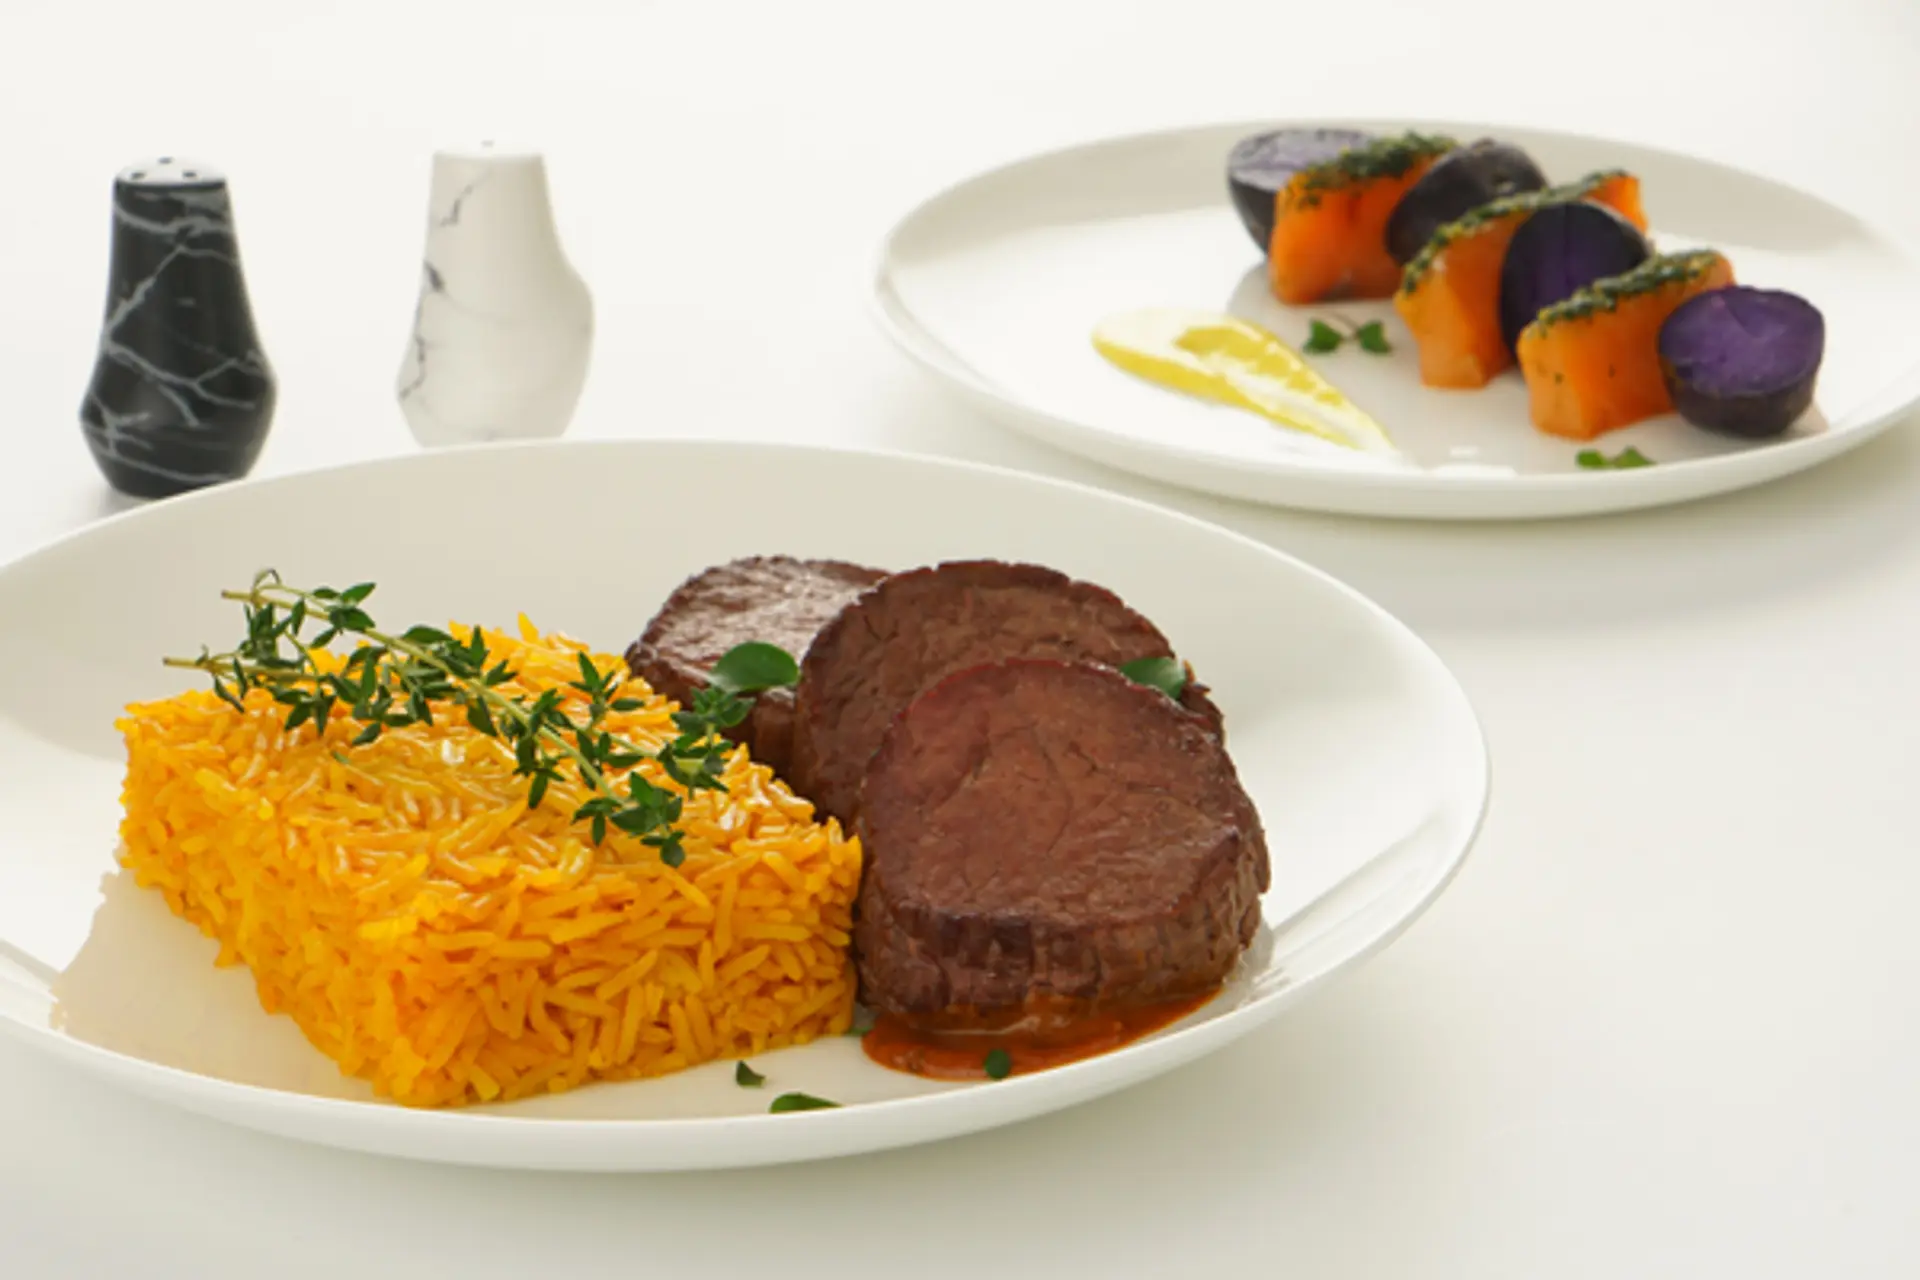 Airlines Articles - Airline Cuisine  - the Best Celebrity Menus and Flying Chefs
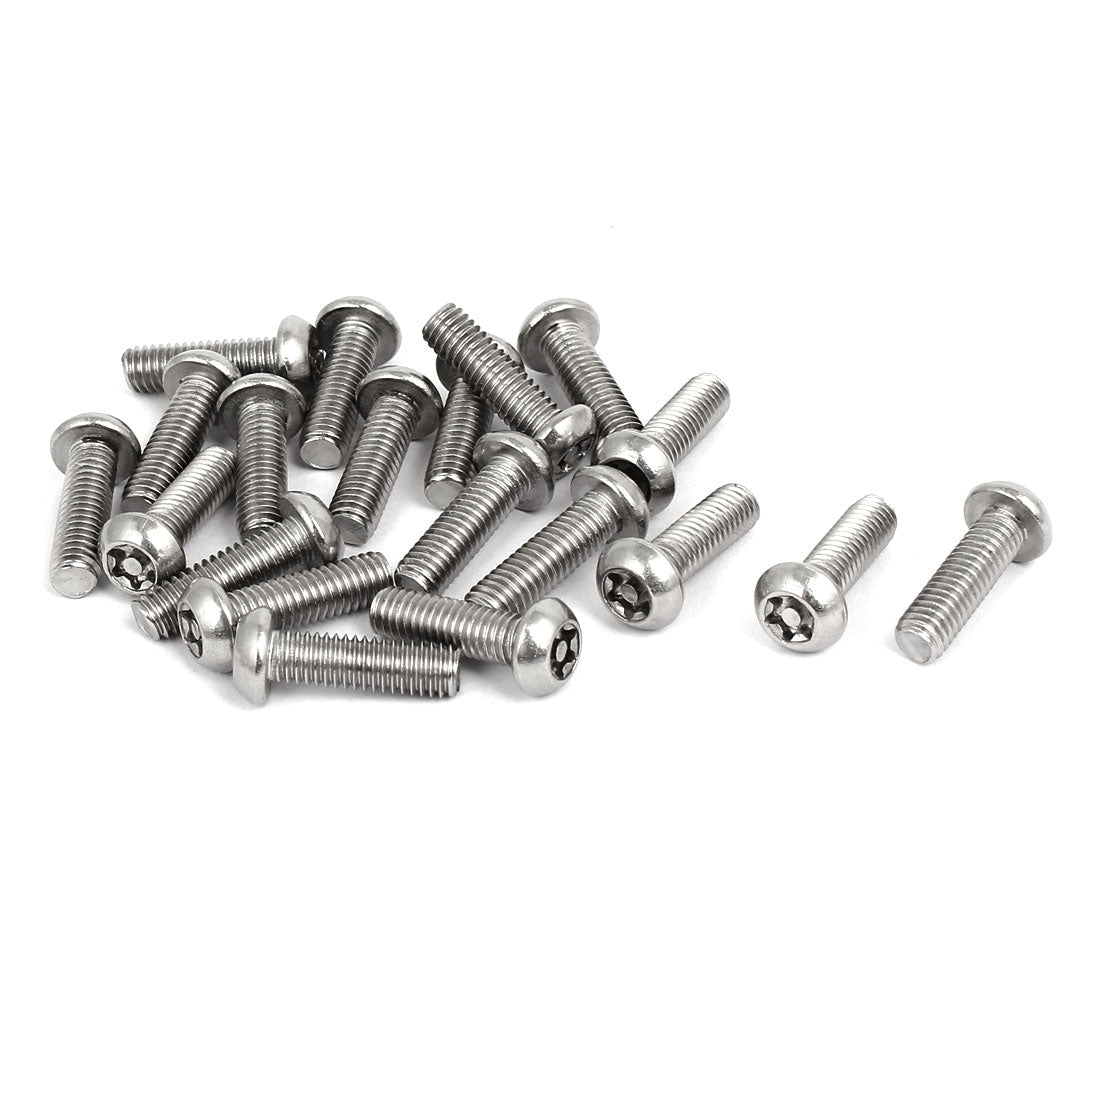 uxcell Uxcell M6x20mm 304 Stainless Steel Button Head Torx Security Tamper Proof Screws 20pcs
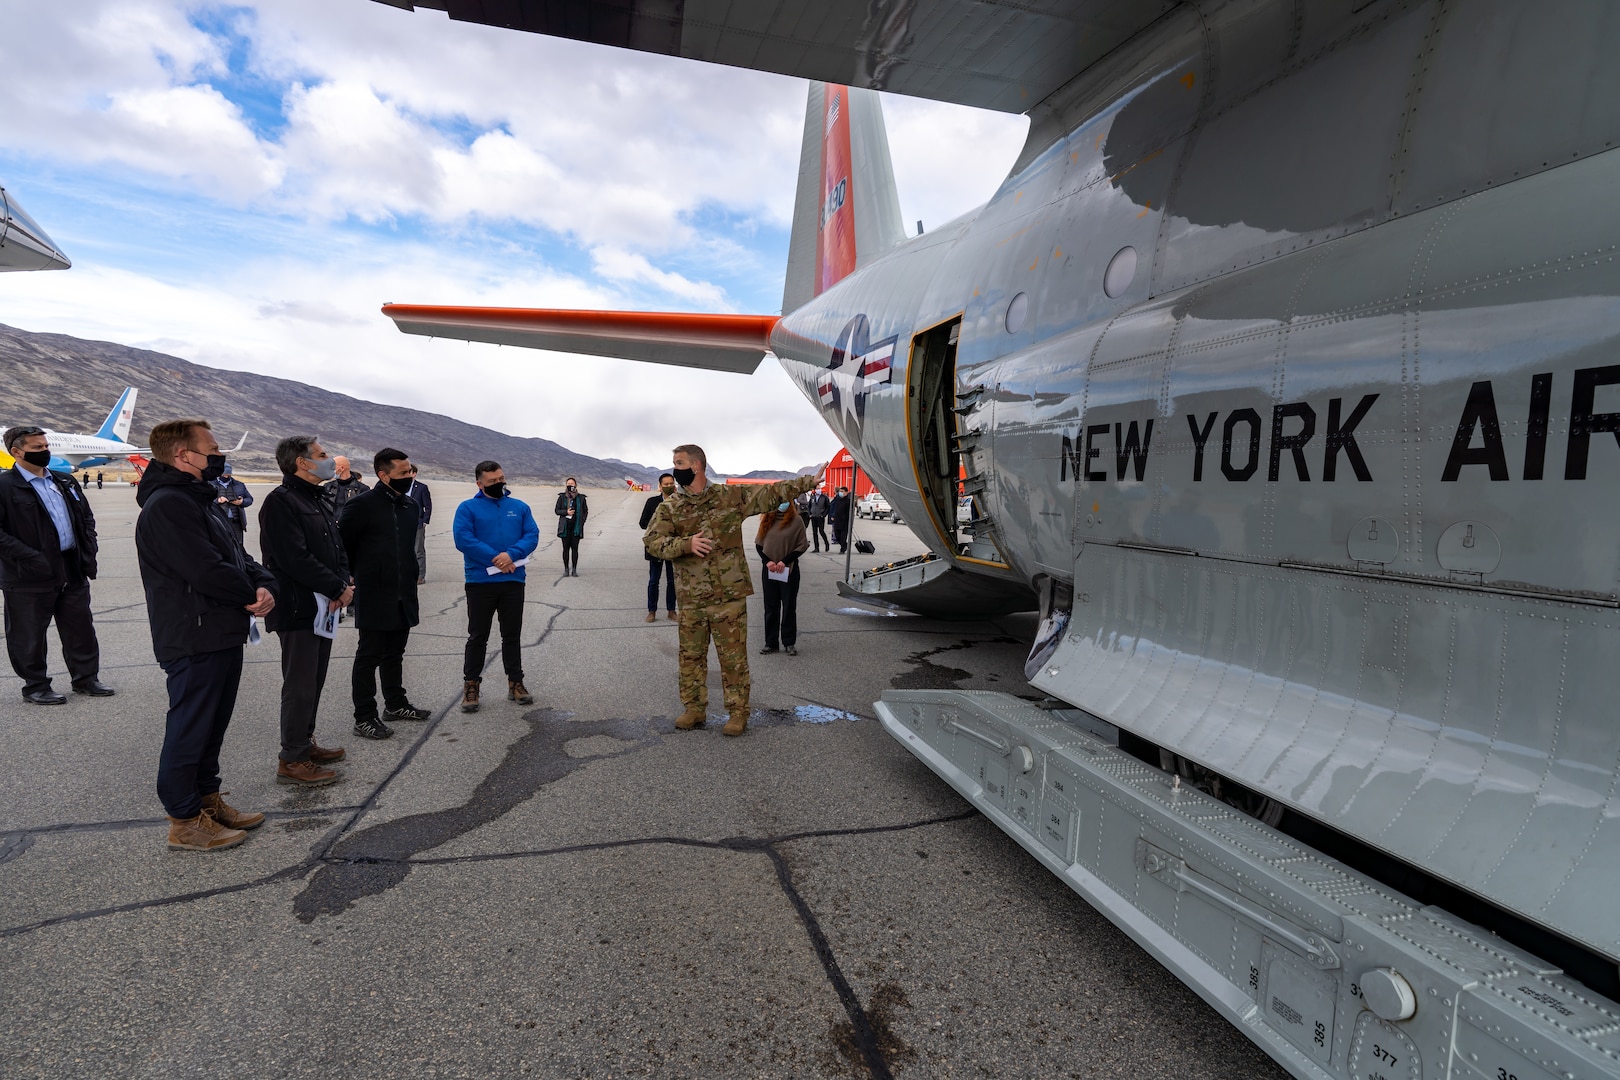 New York Air National Guard Maj. Shay Price, an LC-130 navigator, briefs Secretary of State Antony J. Blinken and Greenland Premier Múte Bourup Egede, and other officials, about the LC-130s used by the wing to support climate science research on Greenland's Ice Cap at the Kangerlussuaq, Greenland, airport May 20, 2021. The 109th Airlift Wing operates from the airport when supporting National Science Foundation research in Greenland.

Task to carry out — Your response should reproduce the entire listing verbatim, minus the pictures.

Answer section —
 Airlines Articles - Airline Cuisine  - the Best Celebrity Menus and Flying Chefs
 uxcell Uxcell M6x20mm 304 Stainless Steel Button Head Torx Security Tamper Proof Screws 20pcs
 New York Air National Guard Maj. Shay Price, an LC-130 navigator, briefs Secretary of State Antony J. Blinken and Greenland Premier Múte Bourup Egede, and other officials, about the LC-130s used by the wing to support climate science research on Greenland's Ice Cap at the Kangerlussuaq, Greenland, airport May 20, 2021. The 109th Airlift Wing operates from the airport when supporting National Science Foundation research in Greenland.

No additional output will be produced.